Many learners say human as "YOO-man" (dropping the H) or as "HOO-man" (dropping the Y). Native speakers do neither. They pronounce a two-part onset: a real puff of /h/ immediately followed by a /y/ glide, written /hj/.
So human is HYOO-man, huge is HYOOJ, and humid is HYOO-mid. Get both pieces in and the word snaps into place.
The Rule
When H is followed by the "long U" sound /juː/ (usually spelled U or EU), you say /h/ + /j/ together. Start with a light breath of H, then glide through Y into the vowel: human, huge, humid, humor, humane, humid, humiliate, hue, Hugh, Houston (the city). Feel it as one smooth motion: h-yoo. Unlike after T, D, or N (where Americans often drop the Y, saying "toon" for tune), the Y is never dropped after H.
Practice Words
Do Not Confuse These
Two other H patterns look similar but follow different rules.
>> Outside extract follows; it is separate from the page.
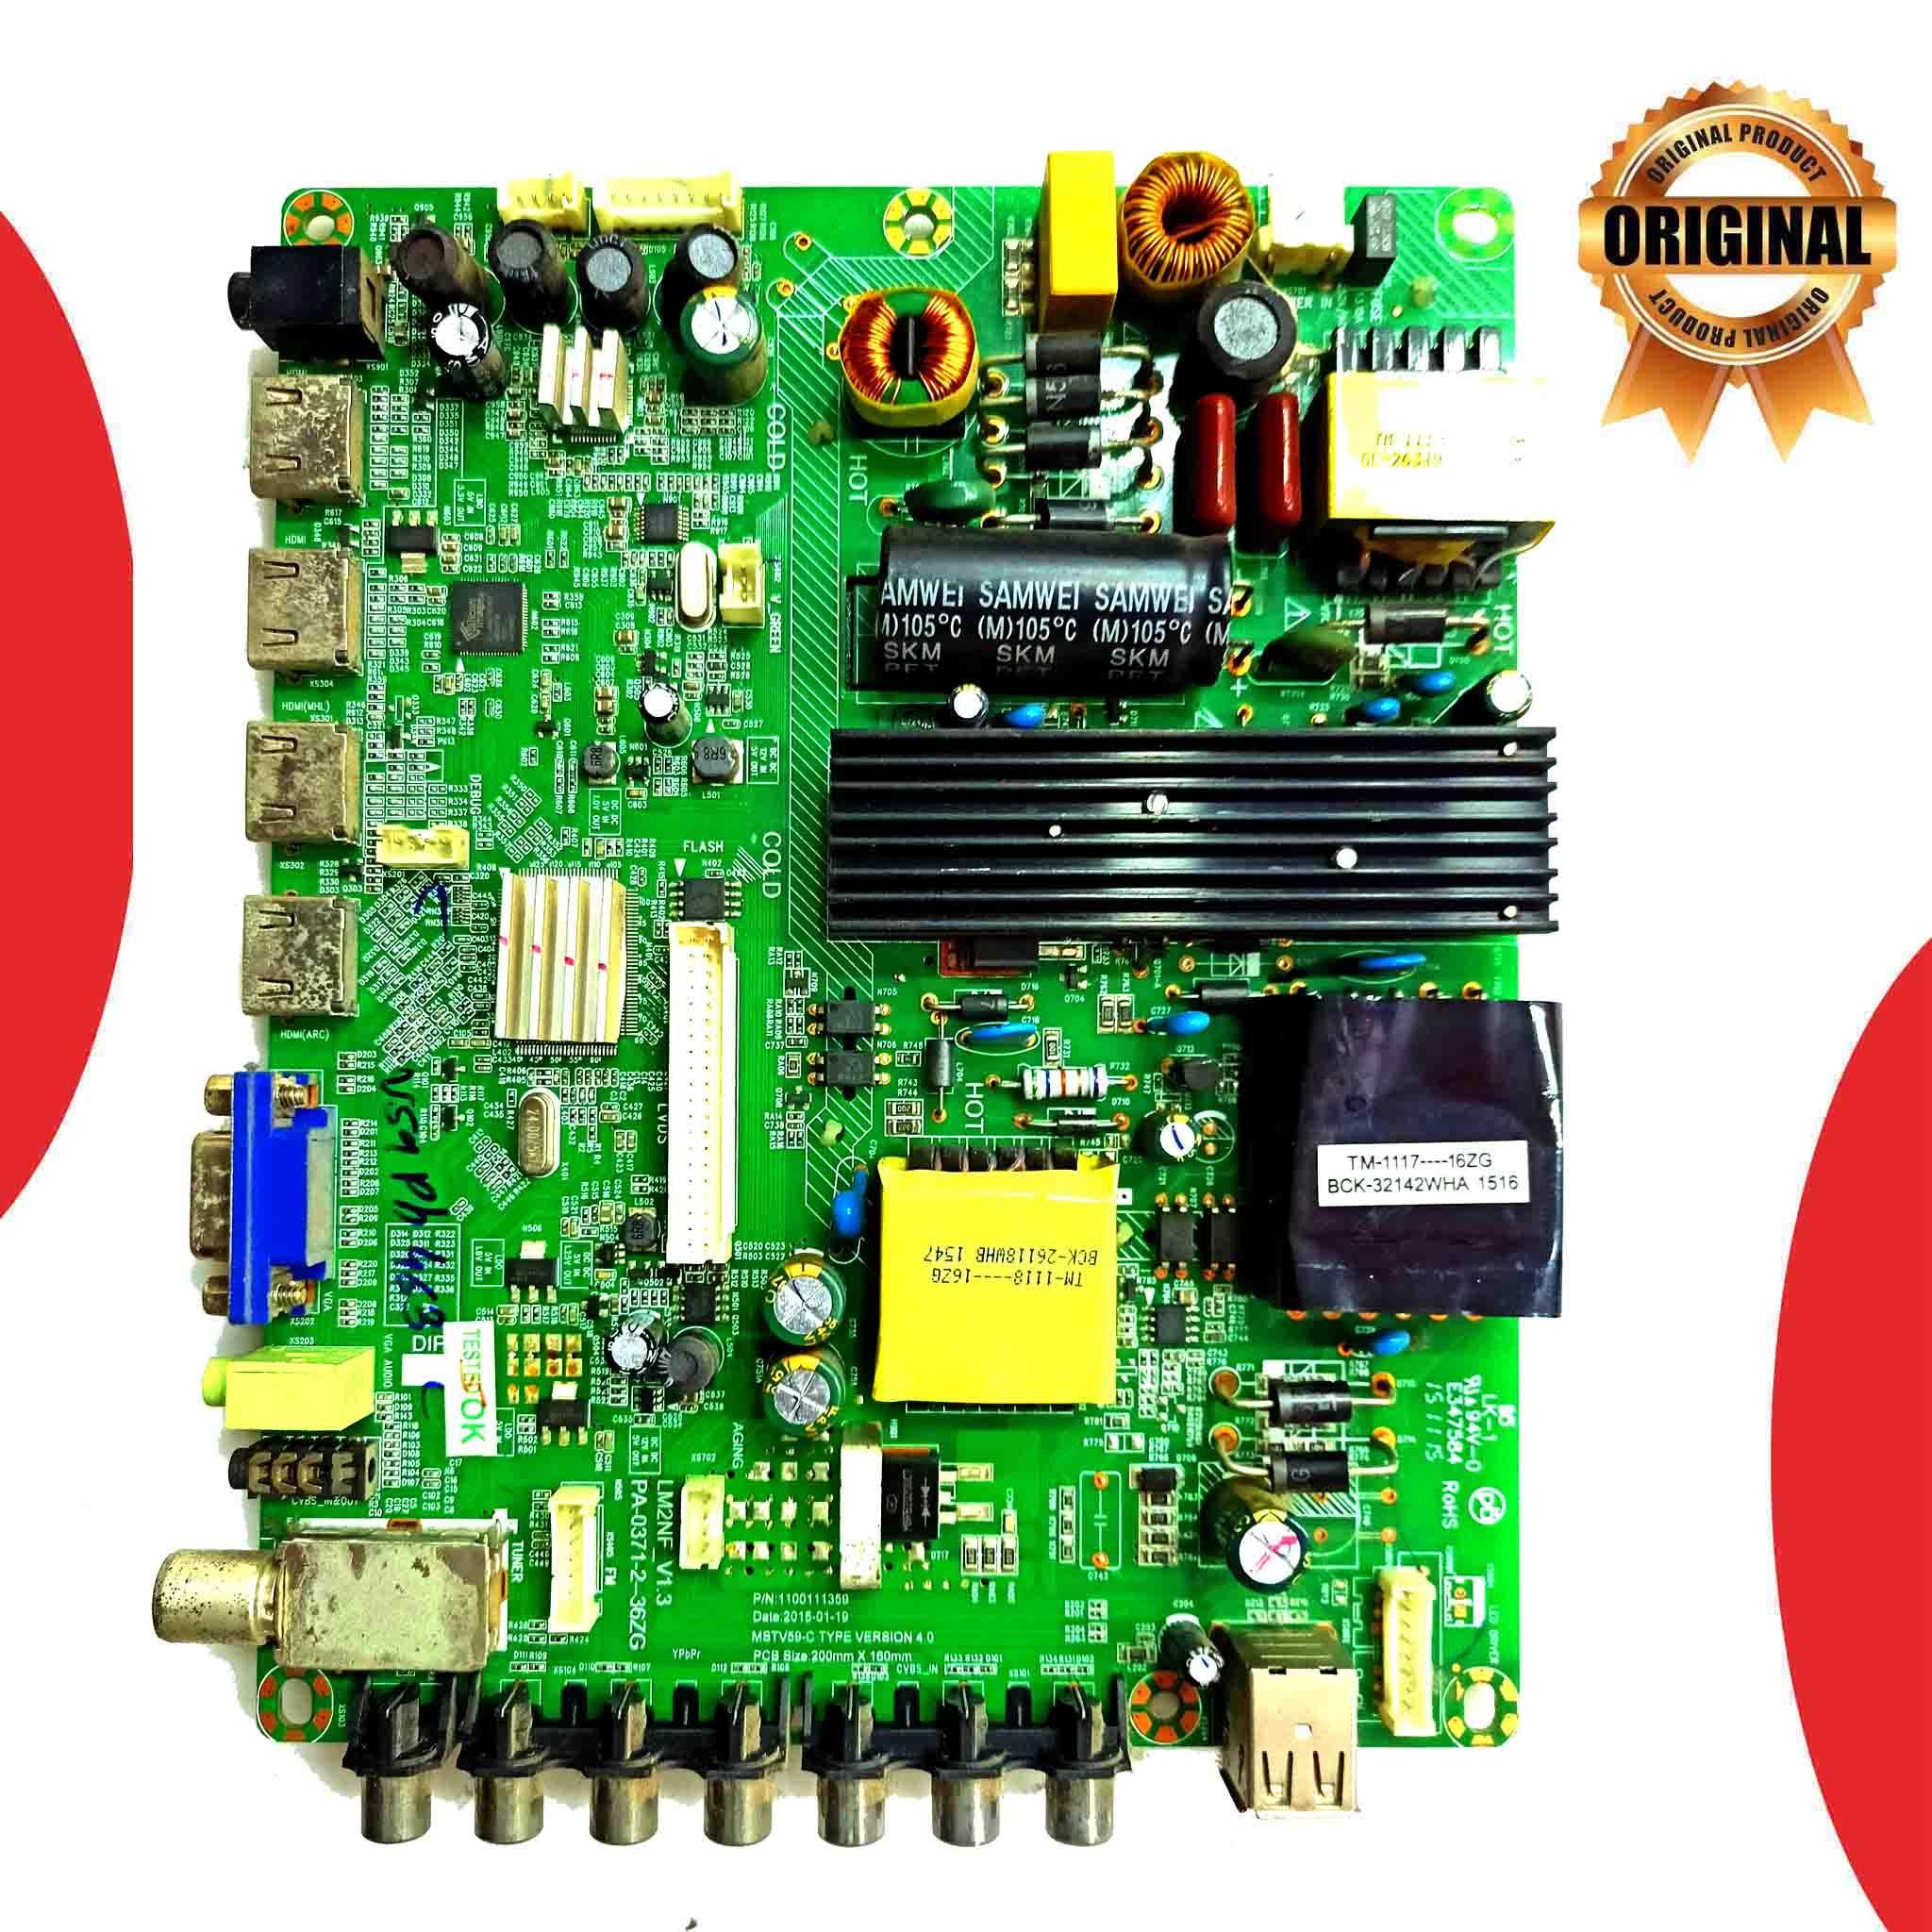 Philips 39 inch LED TV Motherboard for Model 39PFL3850V7A11 - Great Bharat Electronics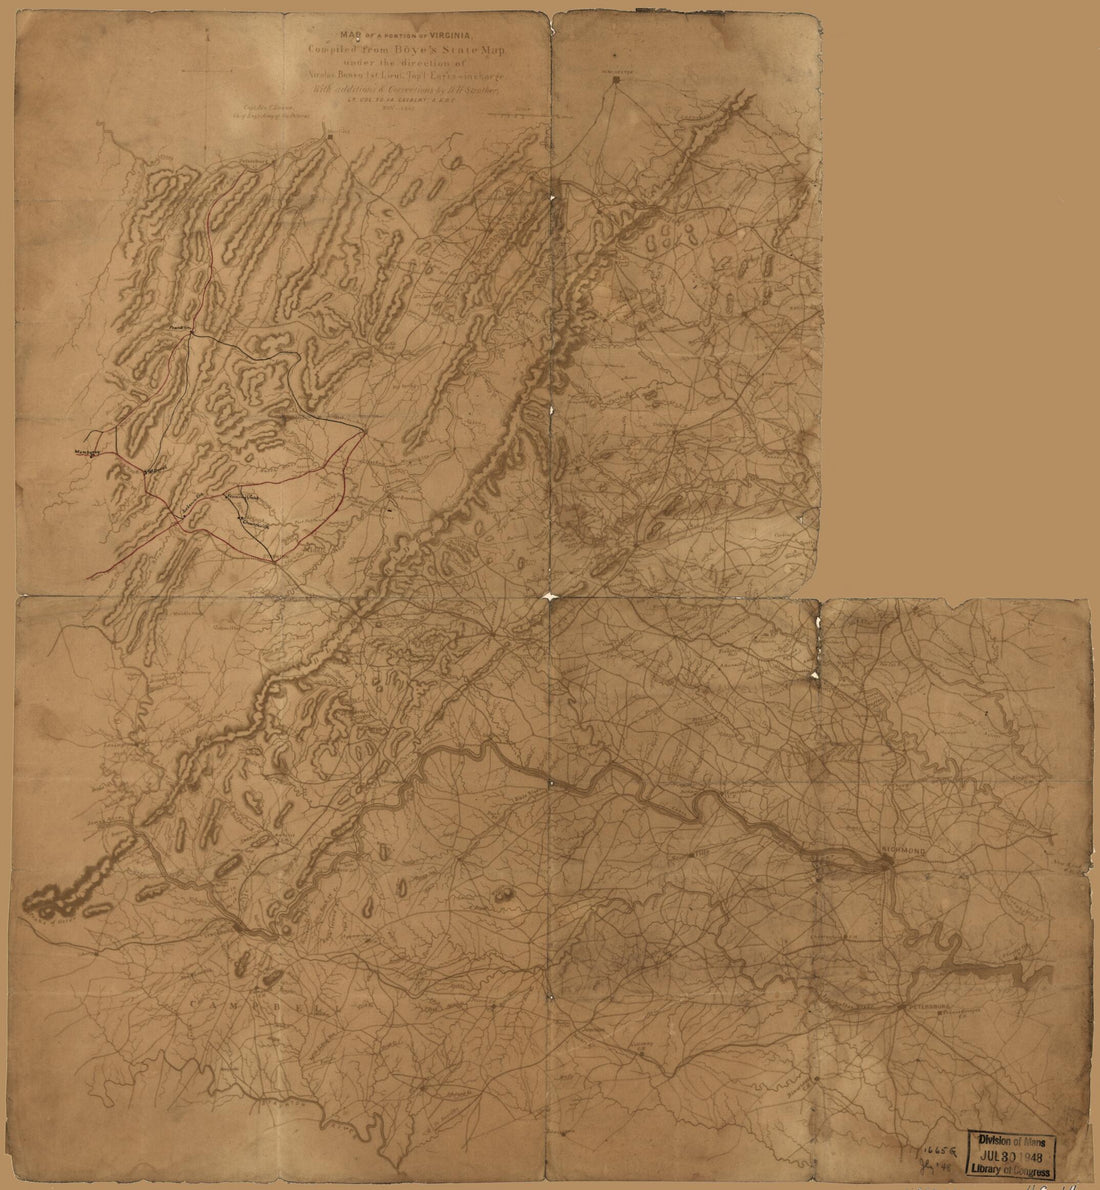 This old map of Map of a Portion of Virginia from 1862 was created by Nicolas Bowen, Herman Böÿe, James C. (James Chatham) Duane, David Hunter Strother in 1862

First, some words have a truly silent H: hour, honest, honor, heir (and herb in American English) begin with the vowel sound, no /h/ at all. Second, humble and humbug use ordinary /h/ + /ʌ/ ("HUM-bul"), not the /hj/ glide, because there is no /juː/ vowel. The /hj/ rule applies only when the "yoo" sound follows.
Quick Tip
Whisper the word you, then add a small H in front: h-you. That is exactly the start of human and huge. If you can hear both the breath and the "y," you have it.